The pipeline consists of three main stages:

1.  **Stage 0: Preparations:** Initializes constants, directory paths, and sets up the Google Gemini API client and configuration for subsequent tasks (Markdown conversion and summarization). Includes helper functions for uploading files to Gemini and waiting for them to become active.
2.  **Stage 1: Partition the book by its chapters and digits:** Uses the `pymupdf` library to open the main PDF book and partition it into smaller PDF files. Each partition corresponds to a specific chapter or "digit" section of the book, based on predefined page ranges. This step is crucial for breaking down the large document into manageable chunks relevant to specific topics (digits).
3.  **Stage 2: Convert PDF partitions to Markdown files:** Iterates through the partitioned PDF files. For each PDF, it uploads the file to the Google Gemini API, prompts the model to convert the PDF content into Markdown format using a specialized configuration (`md_content_config`), and saves the resulting Markdown text to a new file. This converts the content into a more easily parsable text format.
4.  **Stage 3: Summarization:** Processes the generated Markdown files. It combines the "initial" section of a chapter with the specific "digit" section's content. This combined text is then sent to the Google Gemini API with a summarization configuration (`summ_content_config`) designed to create a Turkish bulleted list summary of the key concepts related to that digit. The resulting summary is saved to a new Markdown file.

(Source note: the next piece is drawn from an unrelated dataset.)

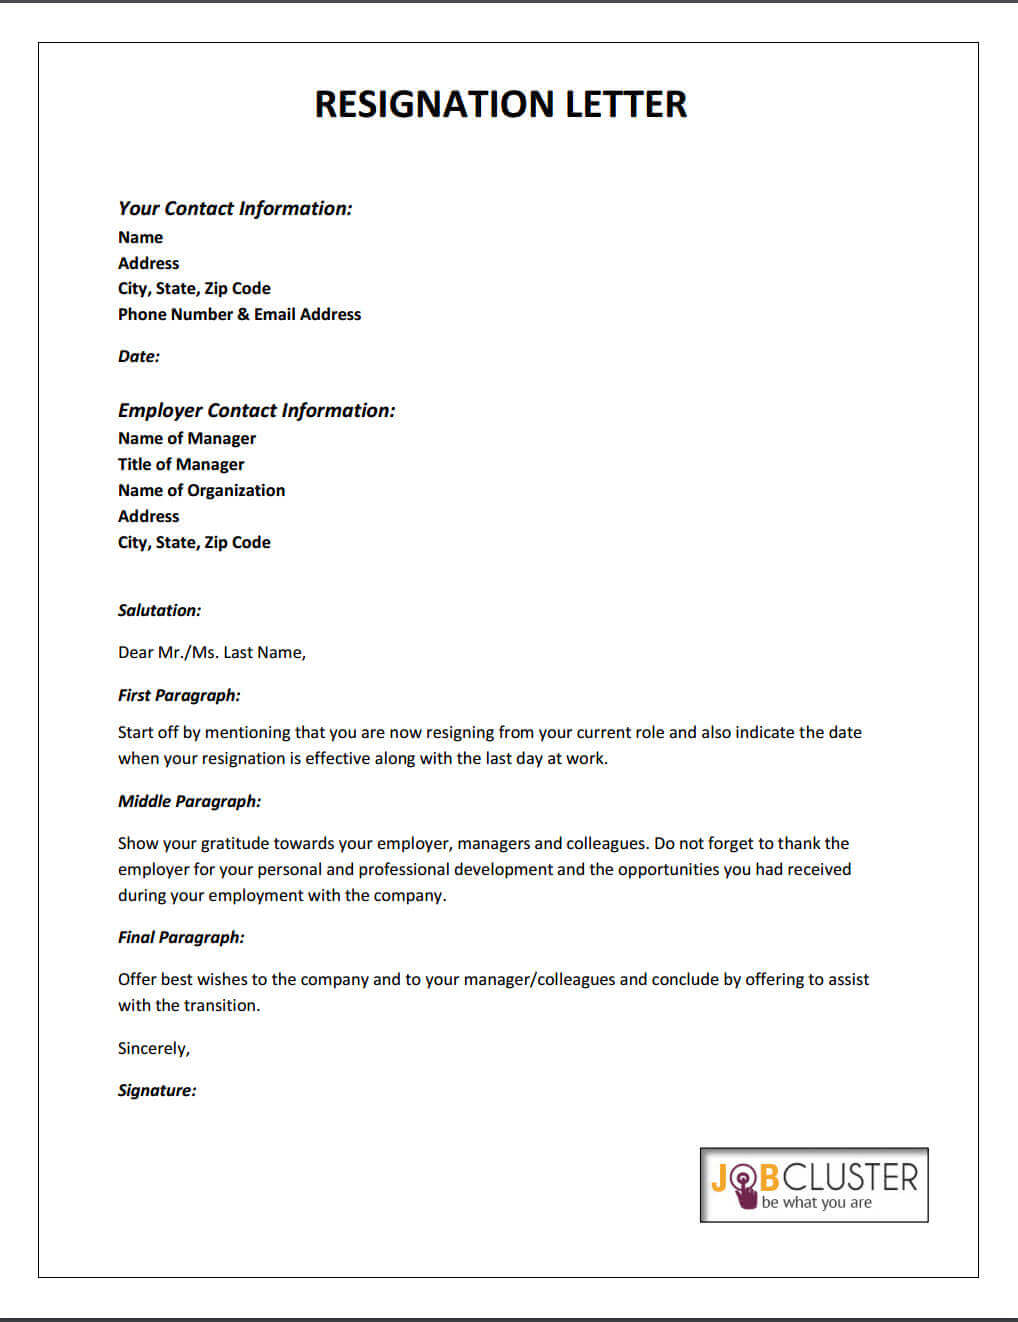 Resignation Letter Template.jpg

The overall process aims to transform the structured information within the PDF book into summarized, text-based content, organized by the book's internal structure (chapters/digits), making it suitable for downstream applications like knowledge bases or further LLM processing.

In [None]:
import os
import time

from typing import TYPE_CHECKING

import pymupdf
from google import genai
from google.genai import types

if TYPE_CHECKING:
    from io import IOBase
    from os import PathLike
    from pathlib import Path

## Stage 0: Preparations

This initial stage involves setting up the necessary environment and resources for the data processing pipeline. It includes defining constants for directory paths and file names, establishing the connection to the Google Gemini API using an API key from environment variables, and implementing helper functions for managing file uploads to Gemini and monitoring their processing status. Additionally, specific configurations for the Gemini model are defined for the Markdown conversion and summarization tasks, including system instructions, temperature settings, response format, and safety settings.

In [None]:
# Constants
DIR_TR = "./tr"
PDF_TR = f"{DIR_TR}/PDFs"
MD_TR = f"{DIR_TR}/MDs"
SUMM_TR = f"{DIR_TR}/Summarizations"
BOOK = "./forbes_2002.pdf"

TIMEOUT_IN_SECONDS = 15

In [None]:
# Initialize Gemini API client using environment variable
client = genai.Client(api_key=os.environ["GEMINI_API_KEY"])

In [None]:
def upload_to_gemini(file_path: "str | Path | PathLike[str] | IOBase", mime_type: str | None = None) -> types.File:
    """Upload a file to the Google Gemini API for processing.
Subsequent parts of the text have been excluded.